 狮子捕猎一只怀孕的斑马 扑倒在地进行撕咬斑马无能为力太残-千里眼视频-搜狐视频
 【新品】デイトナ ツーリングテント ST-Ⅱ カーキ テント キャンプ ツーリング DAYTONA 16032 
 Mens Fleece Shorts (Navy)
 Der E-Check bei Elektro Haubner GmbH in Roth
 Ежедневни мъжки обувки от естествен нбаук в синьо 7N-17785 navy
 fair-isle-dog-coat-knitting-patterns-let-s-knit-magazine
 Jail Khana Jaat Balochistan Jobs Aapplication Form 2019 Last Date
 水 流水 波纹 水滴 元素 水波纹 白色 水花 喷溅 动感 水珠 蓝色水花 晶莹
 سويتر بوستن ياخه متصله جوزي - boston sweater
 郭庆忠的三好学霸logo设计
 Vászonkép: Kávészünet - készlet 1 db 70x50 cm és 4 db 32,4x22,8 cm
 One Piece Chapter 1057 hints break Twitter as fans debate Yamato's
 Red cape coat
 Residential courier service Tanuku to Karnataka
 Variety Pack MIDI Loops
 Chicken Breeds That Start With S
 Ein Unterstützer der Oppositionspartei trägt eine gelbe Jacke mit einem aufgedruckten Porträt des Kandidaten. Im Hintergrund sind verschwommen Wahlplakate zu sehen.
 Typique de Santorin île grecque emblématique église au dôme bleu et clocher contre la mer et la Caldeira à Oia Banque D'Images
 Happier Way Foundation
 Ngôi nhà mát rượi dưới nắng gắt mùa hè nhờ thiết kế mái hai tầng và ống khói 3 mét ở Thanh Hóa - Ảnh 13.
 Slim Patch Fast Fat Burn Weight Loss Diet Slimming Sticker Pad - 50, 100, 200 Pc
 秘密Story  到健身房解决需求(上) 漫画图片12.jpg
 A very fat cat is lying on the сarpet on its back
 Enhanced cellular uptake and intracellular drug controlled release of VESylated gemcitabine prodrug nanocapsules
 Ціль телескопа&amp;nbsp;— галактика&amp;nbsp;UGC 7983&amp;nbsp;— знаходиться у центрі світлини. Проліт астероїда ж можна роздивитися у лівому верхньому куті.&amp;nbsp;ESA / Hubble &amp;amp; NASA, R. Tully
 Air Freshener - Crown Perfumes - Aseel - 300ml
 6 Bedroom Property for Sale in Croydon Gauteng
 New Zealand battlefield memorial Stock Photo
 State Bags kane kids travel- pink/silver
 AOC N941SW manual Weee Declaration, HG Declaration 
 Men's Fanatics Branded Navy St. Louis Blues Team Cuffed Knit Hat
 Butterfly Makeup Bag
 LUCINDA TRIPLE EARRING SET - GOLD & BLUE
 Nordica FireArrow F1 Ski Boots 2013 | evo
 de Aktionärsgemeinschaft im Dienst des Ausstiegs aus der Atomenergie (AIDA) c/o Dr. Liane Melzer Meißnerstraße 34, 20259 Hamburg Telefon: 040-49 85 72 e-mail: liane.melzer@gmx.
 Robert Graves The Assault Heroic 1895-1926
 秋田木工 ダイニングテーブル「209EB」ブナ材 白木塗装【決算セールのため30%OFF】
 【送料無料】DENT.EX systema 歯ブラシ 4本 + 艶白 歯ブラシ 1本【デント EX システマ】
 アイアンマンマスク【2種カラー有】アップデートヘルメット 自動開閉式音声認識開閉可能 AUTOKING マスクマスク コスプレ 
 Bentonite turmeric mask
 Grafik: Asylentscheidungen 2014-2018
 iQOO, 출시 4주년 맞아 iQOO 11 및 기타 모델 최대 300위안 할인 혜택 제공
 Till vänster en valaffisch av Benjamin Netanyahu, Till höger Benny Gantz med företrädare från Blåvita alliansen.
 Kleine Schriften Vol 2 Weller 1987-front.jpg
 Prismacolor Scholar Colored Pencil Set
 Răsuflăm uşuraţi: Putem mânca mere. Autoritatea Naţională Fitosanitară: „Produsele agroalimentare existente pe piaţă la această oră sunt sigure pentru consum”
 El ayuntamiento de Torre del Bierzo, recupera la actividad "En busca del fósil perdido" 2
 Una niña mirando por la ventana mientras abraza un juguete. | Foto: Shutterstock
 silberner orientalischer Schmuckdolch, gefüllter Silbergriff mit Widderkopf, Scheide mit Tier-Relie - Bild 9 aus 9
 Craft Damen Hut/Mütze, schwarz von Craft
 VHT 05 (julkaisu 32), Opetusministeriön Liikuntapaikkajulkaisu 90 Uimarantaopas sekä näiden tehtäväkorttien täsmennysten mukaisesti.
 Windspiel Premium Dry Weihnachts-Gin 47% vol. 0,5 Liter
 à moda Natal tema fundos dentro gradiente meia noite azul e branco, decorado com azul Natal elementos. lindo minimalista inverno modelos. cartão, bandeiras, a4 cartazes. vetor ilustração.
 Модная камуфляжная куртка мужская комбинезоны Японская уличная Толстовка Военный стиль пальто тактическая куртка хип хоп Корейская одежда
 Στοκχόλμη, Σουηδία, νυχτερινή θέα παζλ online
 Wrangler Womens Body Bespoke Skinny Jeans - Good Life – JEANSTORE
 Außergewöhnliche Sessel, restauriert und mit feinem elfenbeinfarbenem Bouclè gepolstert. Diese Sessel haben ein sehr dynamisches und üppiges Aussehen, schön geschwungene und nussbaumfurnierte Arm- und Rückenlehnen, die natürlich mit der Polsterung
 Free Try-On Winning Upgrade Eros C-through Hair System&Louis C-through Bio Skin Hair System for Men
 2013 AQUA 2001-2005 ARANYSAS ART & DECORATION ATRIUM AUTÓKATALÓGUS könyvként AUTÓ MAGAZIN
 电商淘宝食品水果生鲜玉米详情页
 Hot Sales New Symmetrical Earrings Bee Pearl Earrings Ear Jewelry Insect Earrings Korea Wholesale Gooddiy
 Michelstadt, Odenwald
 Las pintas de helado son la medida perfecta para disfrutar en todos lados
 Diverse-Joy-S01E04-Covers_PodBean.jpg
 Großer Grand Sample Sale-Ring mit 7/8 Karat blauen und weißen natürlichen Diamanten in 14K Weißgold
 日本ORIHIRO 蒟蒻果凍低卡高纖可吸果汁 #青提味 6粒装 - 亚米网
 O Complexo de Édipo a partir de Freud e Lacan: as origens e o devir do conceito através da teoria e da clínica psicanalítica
+++
WHAT THE TASK ASKS:
For this exercise, transcribe the whole listing verbatim.

RESULT:
 狮子捕猎一只怀孕的斑马 扑倒在地进行撕咬斑马无能为力太残-千里眼视频-搜狐视频
 【新品】デイトナ ツーリングテント ST-Ⅱ カーキ テント キャンプ ツーリング DAYTONA 16032 
 Mens Fleece Shorts (Navy)
 Der E-Check bei Elektro Haubner GmbH in Roth
 Ежедневни мъжки обувки от естествен нбаук в синьо 7N-17785 navy
 fair-isle-dog-coat-knitting-patterns-let-s-knit-magazine
 Jail Khana Jaat Balochistan Jobs Aapplication Form 2019 Last Date
 水 流水 波纹 水滴 元素 水波纹 白色 水花 喷溅 动感 水珠 蓝色水花 晶莹
 سويتر بوستن ياخه متصله جوزي - boston sweater
 郭庆忠的三好学霸logo设计
 Vászonkép: Kávészünet - készlet 1 db 70x50 cm és 4 db 32,4x22,8 cm
 One Piece Chapter 1057 hints break Twitter as fans debate Yamato's
 Red cape coat
 Residential courier service Tanuku to Karnataka
 Variety Pack MIDI Loops
 Chicken Breeds That Start With S
 Ein Unterstützer der Oppositionspartei trägt eine gelbe Jacke mit einem aufgedruckten Porträt des Kandidaten. Im Hintergrund sind verschwommen Wahlplakate zu sehen.
 Typique de Santorin île grecque emblématique église au dôme bleu et clocher contre la mer et la Caldeira à Oia Banque D'Images
 Happier Way Foundation
 Ngôi nhà mát rượi dưới nắng gắt mùa hè nhờ thiết kế mái hai tầng và ống khói 3 mét ở Thanh Hóa - Ảnh 13.
 Slim Patch Fast Fat Burn Weight Loss Diet Slimming Sticker Pad - 50, 100, 200 Pc
 秘密Story  到健身房解决需求(上) 漫画图片12.jpg
 A very fat cat is lying on the сarpet on its back
 Enhanced cellular uptake and intracellular drug controlled release of VESylated gemcitabine prodrug nanocapsules
 Ціль телескопа&amp;nbsp;— галактика&amp;nbsp;UGC 7983&amp;nbsp;— знаходиться у центрі світлини. Проліт астероїда ж можна роздивитися у лівому верхньому куті.&amp;nbsp;ESA / Hubble &amp;amp; NASA, R. Tully
 Air Freshener - Crown Perfumes - Aseel - 300ml
 6 Bedroom Property for Sale in Croydon Gauteng
 New Zealand battlefield memorial Stock Photo
 State Bags kane kids travel- pink/silver
 AOC N941SW manual Weee Declaration, HG Declaration 
 Men's Fanatics Branded Navy St. Louis Blues Team Cuffed Knit Hat
 Butterfly Makeup Bag
 LUCINDA TRIPLE EARRING SET - GOLD & BLUE
 Nordica FireArrow F1 Ski Boots 2013 | evo
 de Aktionärsgemeinschaft im Dienst des Ausstiegs aus der Atomenergie (AIDA) c/o Dr. Liane Melzer Meißnerstraße 34, 20259 Hamburg Telefon: 040-49 85 72 e-mail: liane.melzer@gmx.
 Robert Graves The Assault Heroic 1895-1926
 秋田木工 ダイニングテーブル「209EB」ブナ材 白木塗装【決算セールのため30%OFF】
 【送料無料】DENT.EX systema 歯ブラシ 4本 + 艶白 歯ブラシ 1本【デント EX システマ】
 アイアンマンマスク【2種カラー有】アップデートヘルメット 自動開閉式音声認識開閉可能 AUTOKING マスクマスク コスプレ 
 Bentonite turmeric mask
 Grafik: Asylentscheidungen 2014-2018
 iQOO, 출시 4주년 맞아 iQOO 11 및 기타 모델 최대 300위안 할인 혜택 제공
 Till vänster en valaffisch av Benjamin Netanyahu, Till höger Benny Gantz med företrädare från Blåvita alliansen.
 Kleine Schriften Vol 2 Weller 1987-front.jpg
 Prismacolor Scholar Colored Pencil Set
 Răsuflăm uşuraţi: Putem mânca mere. Autoritatea Naţională Fitosanitară: „Produsele agroalimentare existente pe piaţă la această oră sunt sigure pentru consum”
 El ayuntamiento de Torre del Bierzo, recupera la actividad "En busca del fósil perdido" 2
 Una niña mirando por la ventana mientras abraza un juguete. | Foto: Shutterstock
 silberner orientalischer Schmuckdolch, gefüllter Silbergriff mit Widderkopf, Scheide mit Tier-Relie - Bild 9 aus 9
 Craft Damen Hut/Mütze, schwarz von Craft
 VHT 05 (julkaisu 32), Opetusministeriön Liikuntapaikkajulkaisu 90 Uimarantaopas sekä näiden tehtäväkorttien täsmennysten mukaisesti.
 Windspiel Premium Dry Weihnachts-Gin 47% vol. 0,5 Liter
 à moda Natal tema fundos dentro gradiente meia noite azul e branco, decorado com azul Natal elementos. lindo minimalista inverno modelos. cartão, bandeiras, a4 cartazes. vetor ilustração.
 Модная камуфляжная куртка мужская комбинезоны Японская уличная Толстовка Военный стиль пальто тактическая куртка хип хоп Корейская одежда
 Στοκχόλμη, Σουηδία, νυχτερινή θέα παζλ online
 Wrangler Womens Body Bespoke Skinny Jeans - Good Life – JEANSTORE
 Außergewöhnliche Sessel, restauriert und mit feinem elfenbeinfarbenem Bouclè gepolstert. Diese Sessel haben ein sehr dynamisches und üppiges Aussehen, schön geschwungene und nussbaumfurnierte Arm- und Rückenlehnen, die natürlich mit der Polsterung
 Free Try-On Winning Upgrade Eros C-through Hair System&Louis C-through Bio Skin Hair System for Men
 2013 AQUA 2001-2005 ARANYSAS ART & DECORATION ATRIUM AUTÓKATALÓGUS könyvként AUTÓ MAGAZIN
 电商淘宝食品水果生鲜玉米详情页
 Hot Sales New Symmetrical Earrings Bee Pearl Earrings Ear Jewelry Insect Earrings Korea Wholesale Gooddiy
 Michelstadt, Odenwald
 Las pintas de helado son la medida perfecta para disfrutar en todos lados
 Diverse-Joy-S01E04-Covers_PodBean.jpg
 Großer Grand Sample Sale-Ring mit 7/8 Karat blauen und weißen natürlichen Diamanten in 14K Weißgold
 日本ORIHIRO 蒟蒻果凍低卡高纖可吸果汁 #青提味 6粒装 - 亚米网
 O Complexo de Édipo a partir de Freud e Lacan: as origens e o devir do conceito através da teoria e da clínica psicanalítica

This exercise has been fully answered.